Он хотел еще бо́льшего сближения со мной, хотел быть равным мне, быть моим товарищем:
— Не правда ли, Линна? — обратился он внезапно к тете Линне, которая неподвижно сидела в тени, не вступая в разговор. Помнишь, как ты чуть сознание не потеряла из-за меня, когда я в тот раз рубанул?
— Ах, Кристен, что вспоминать, — ответила она, смущенно улыбнувшись. — Что вспоминать, давно ведь было…
Паук полз по невидимой паутине и приземлился на рукаве его белой рубашки, потом стрелой промчался по руке вниз на скатерть, далее к краю стола и скрылся в потемках. Я знал эту историю о несчастье, случившемся с ним в лесу, когда он рубанул себе по ноге. Но никогда только не думал, что эта история имела значение для их интимных отношений. Почему-то стало неприятно.
Они придвинулись ближе друг к другу:
— Ты так ухаживала за мной тогда, Линна.
— Я думала, что ты истечешь кровью.
— Ты не отходила от меня ни на шаг…
— Ах, брось ты!
Он придвинулся к ней вплотную, обнял, погладил по бедру. Она — грузная, испуганная, будто недовольная, но не сопротивляющаяся. Глаза скрыты тенями деревьев. Густые темные волосы, поднятые и заколотые на затылке, делали ее старше. Раньше она ходила с распущенными волосами.
— Ты не совсем понимаешь, что сделала тогда для меня, ты…

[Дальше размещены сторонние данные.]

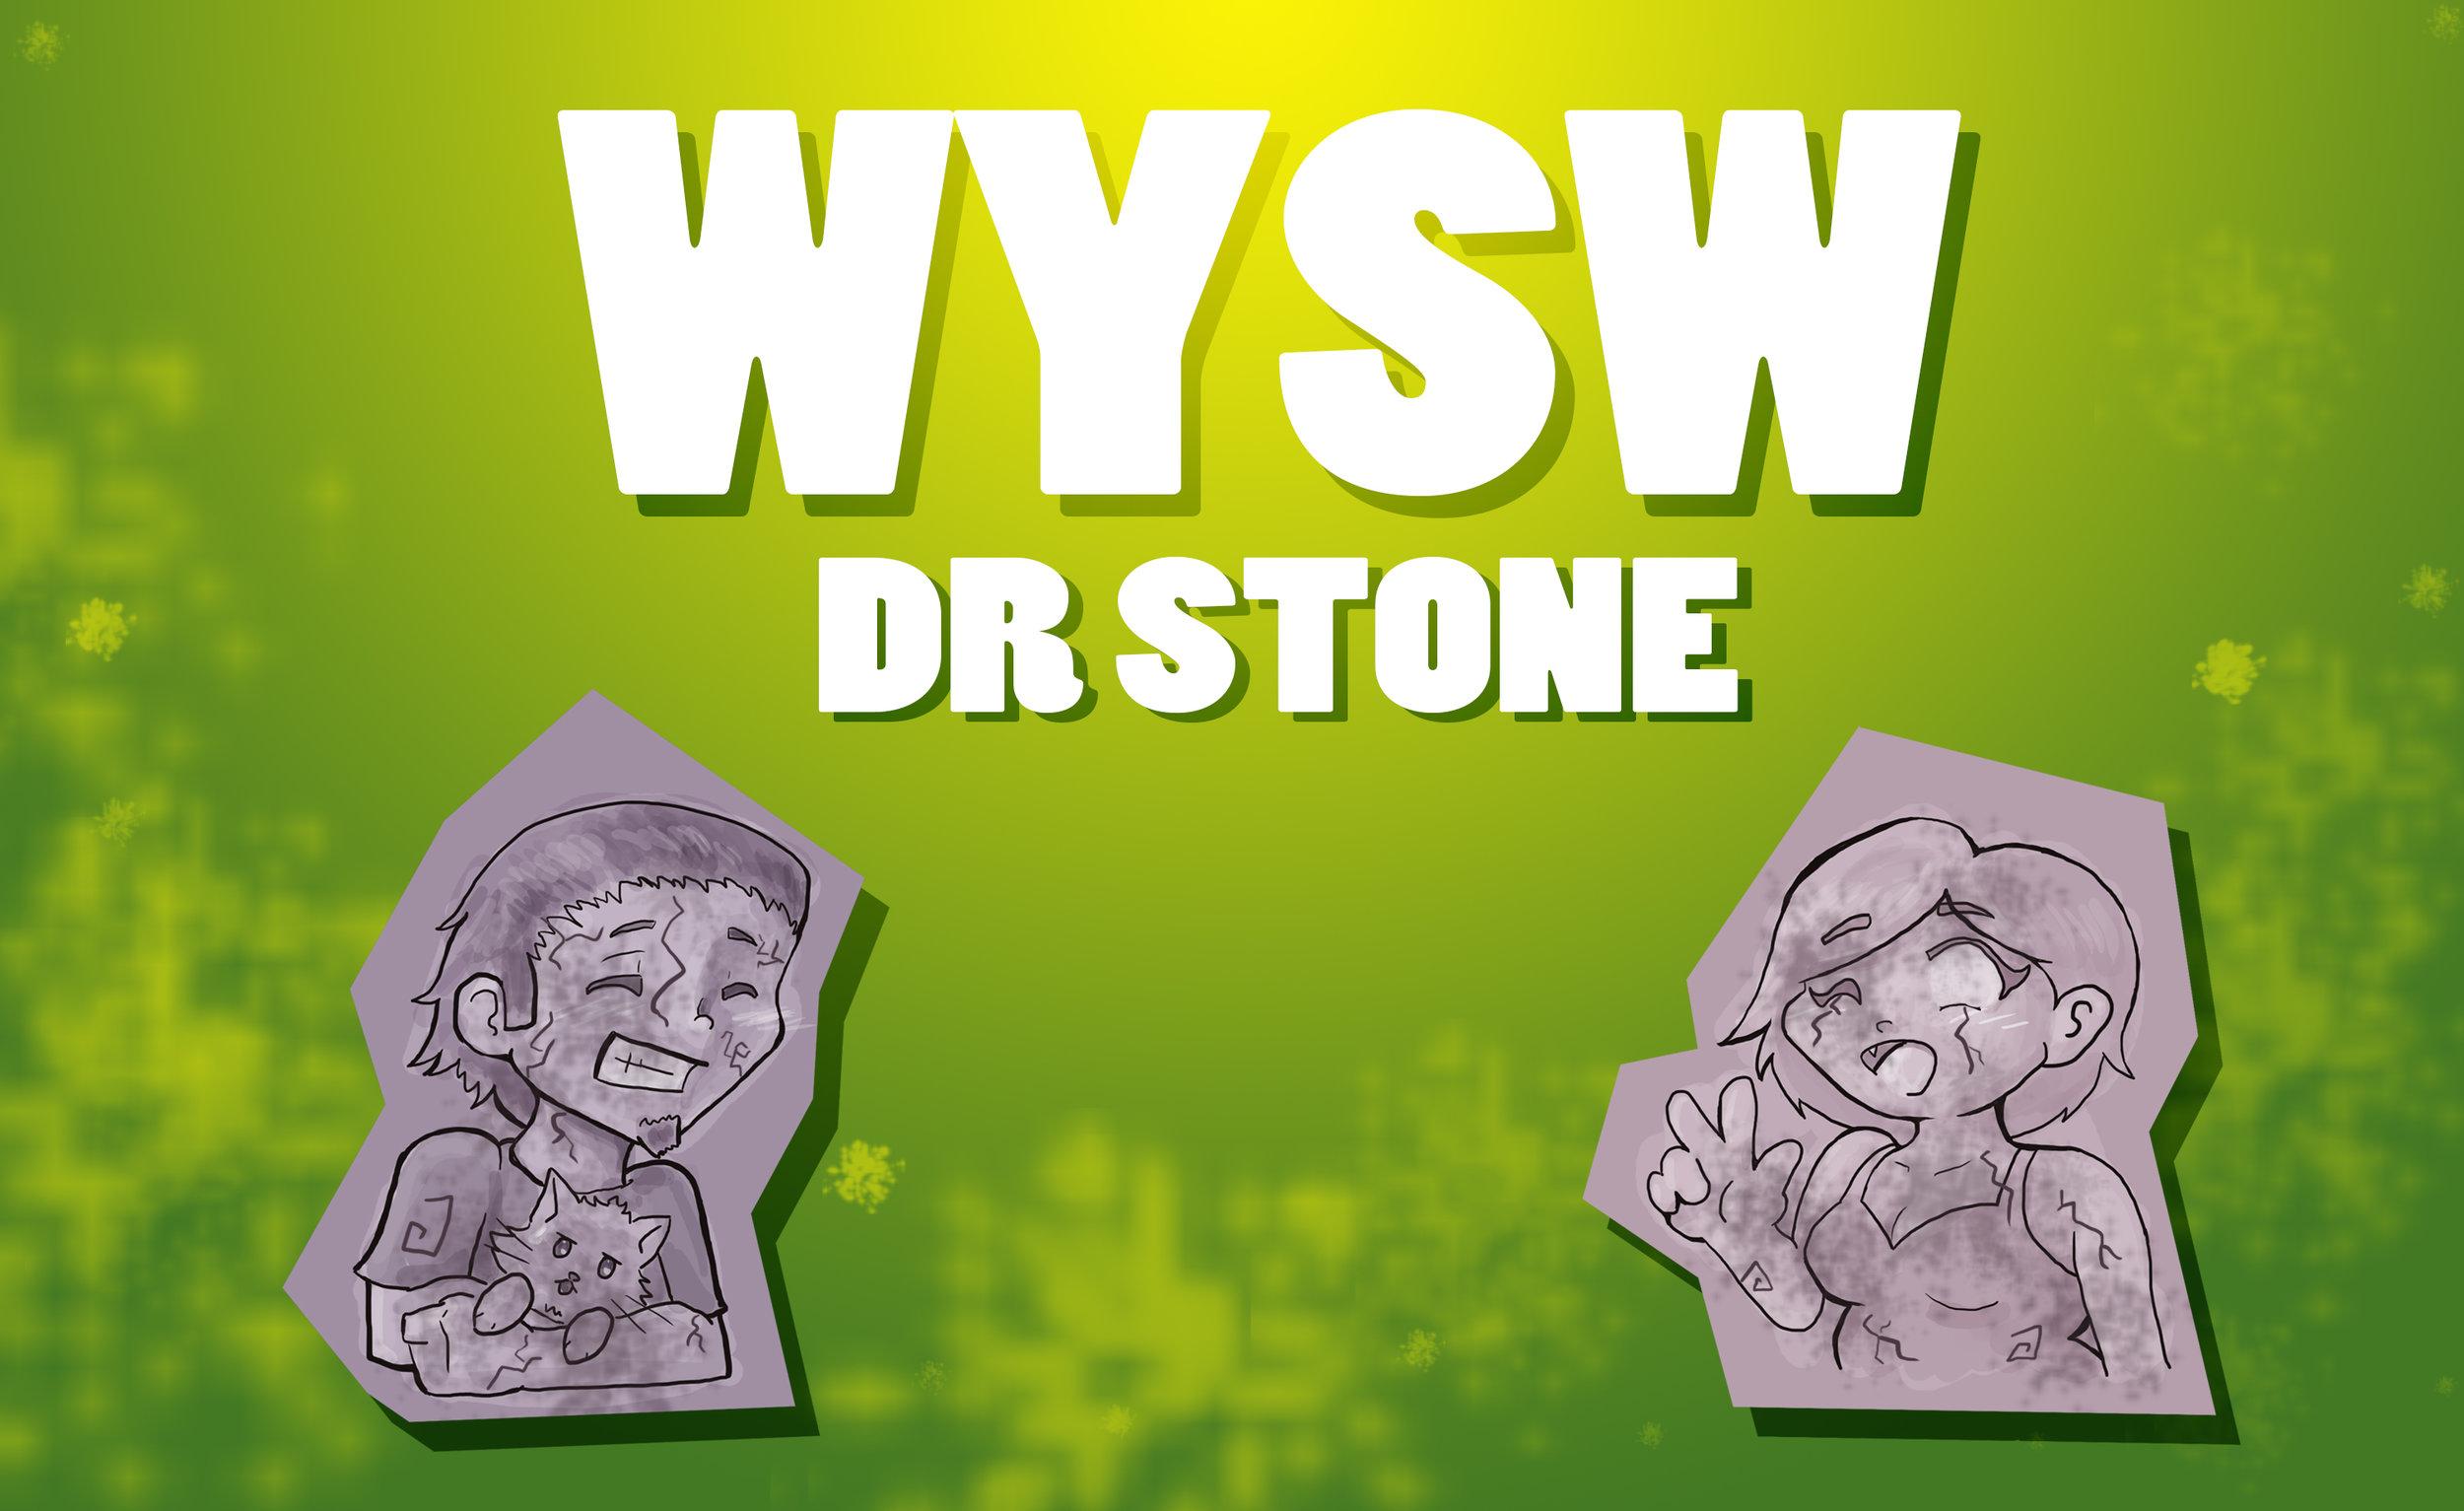 dr stone.jpg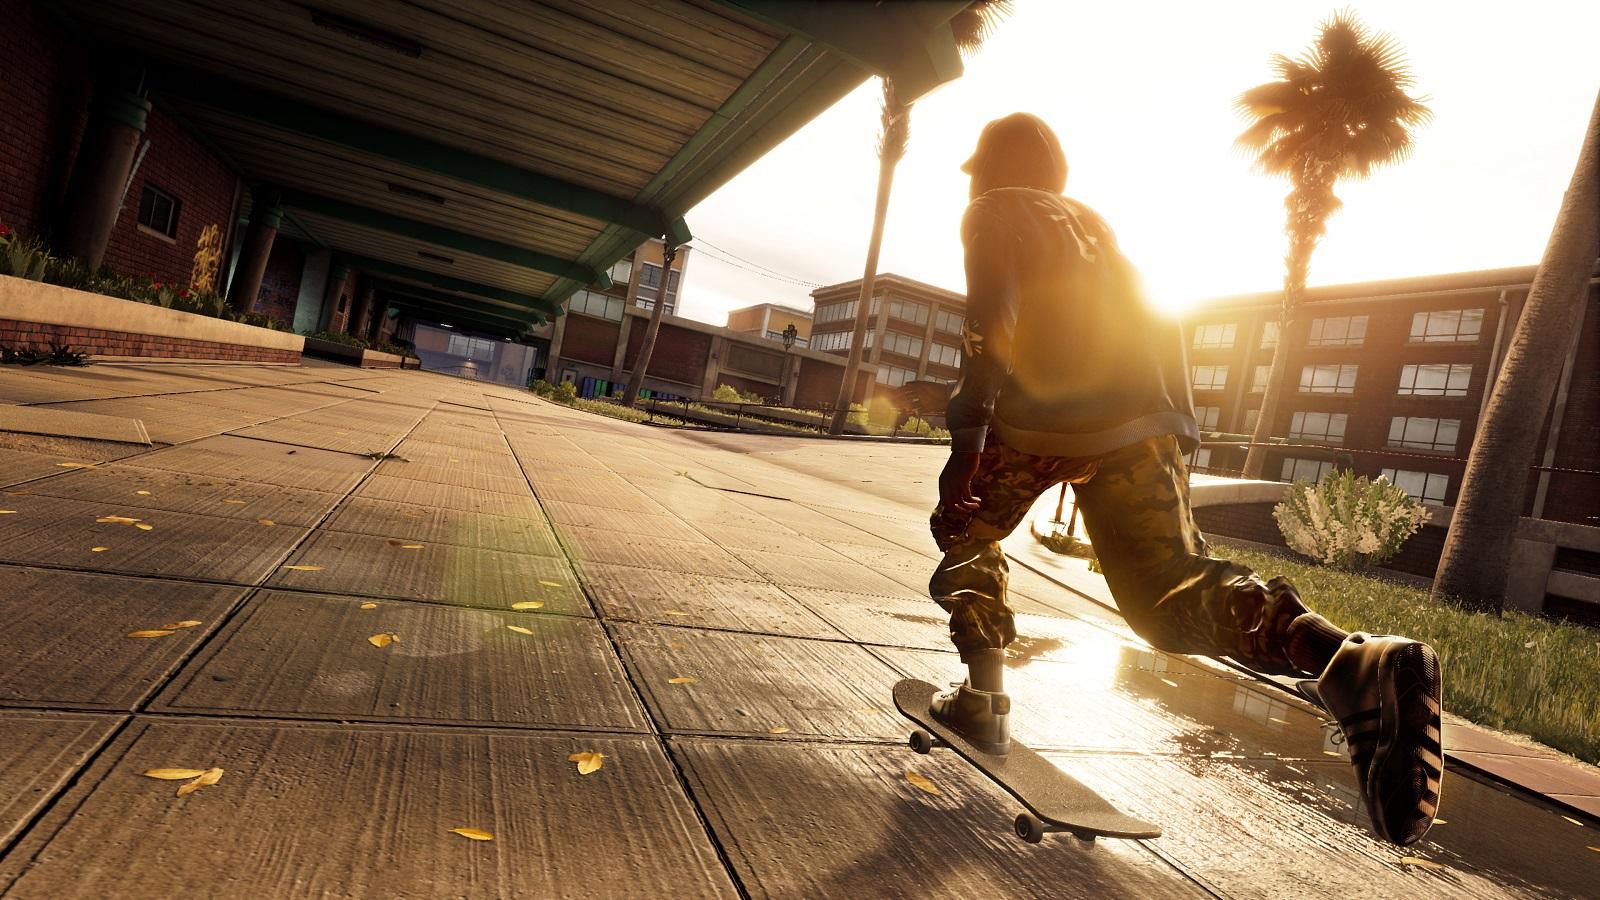 Тони Хоук и «Крэш Бандикут» намекнули на расширение списка целевых платформ Tony Hawk's Pro Skater 1 + 2

Он разгорячился как школьник, крепко ее держал, гладил, как бы слегка поддразнивая, но не по-дружески, не насмешливо или не только насмешливо, вверх и вниз по неподвижному бедру, надежно укрытому под платьем. Я сидел как на иголках и не спускал с них глаз, регистрировал каждое малейшее движение, каждую деталь, но ничего не заметил. Странно было не то, что они сидели так, и, не стесняясь, открыто обменивались нежностями, а то, что он сидел и гладил ее с таким выражением, точно молодой парень на первом свидании; он смеялся, он улыбался, но как-то неловко, вымученно, наигранно, хотя выглядело так, будто именно это ему нравилось; казалось, он хотел мне хитро подмигнуть и что-то сказать. А быть может, вообще все это представление разыграл именно для меня? Хотел продемонстрировать нашу общность, которой он всеми силами добивался, хотел показаться неопытным, хотел тем самым подчеркнуть, что еще не стар и мог равнять себя со мной, с подростком. Но она не реагировала на его поползновения, сидела и отдыхала, рассматривала его поведение, словно это не ее касалось, позволяла ему продолжать удалое ухаживание, принимала его, улыбалась даже, участвовала в игре, но частично…
Она проявляла к нему материнское терпение. Она была старой, но она была и молодой, и этот флирт потому казался мне постыдным и нестерпимым, потому что не соответствовал их поведению, разговорам, всей теперешней жизни в Фагерлюнде. Его рука на ее бедре смотрелась неестественно и неприлично, точно также, как смотрелась бы и моя рука; он был такой сильный, такой крепкий, не по возрасту молодой, тогда как она сидела красивая, грузная, грустная, в согласии со своим возрастом, но и в противоречии с ним. Ничто не связывало их вместе. Когда он так ласкался, искал вроде бы примирения, положив руку на ее бедро, выглядело это непристойно, почти кощунственно.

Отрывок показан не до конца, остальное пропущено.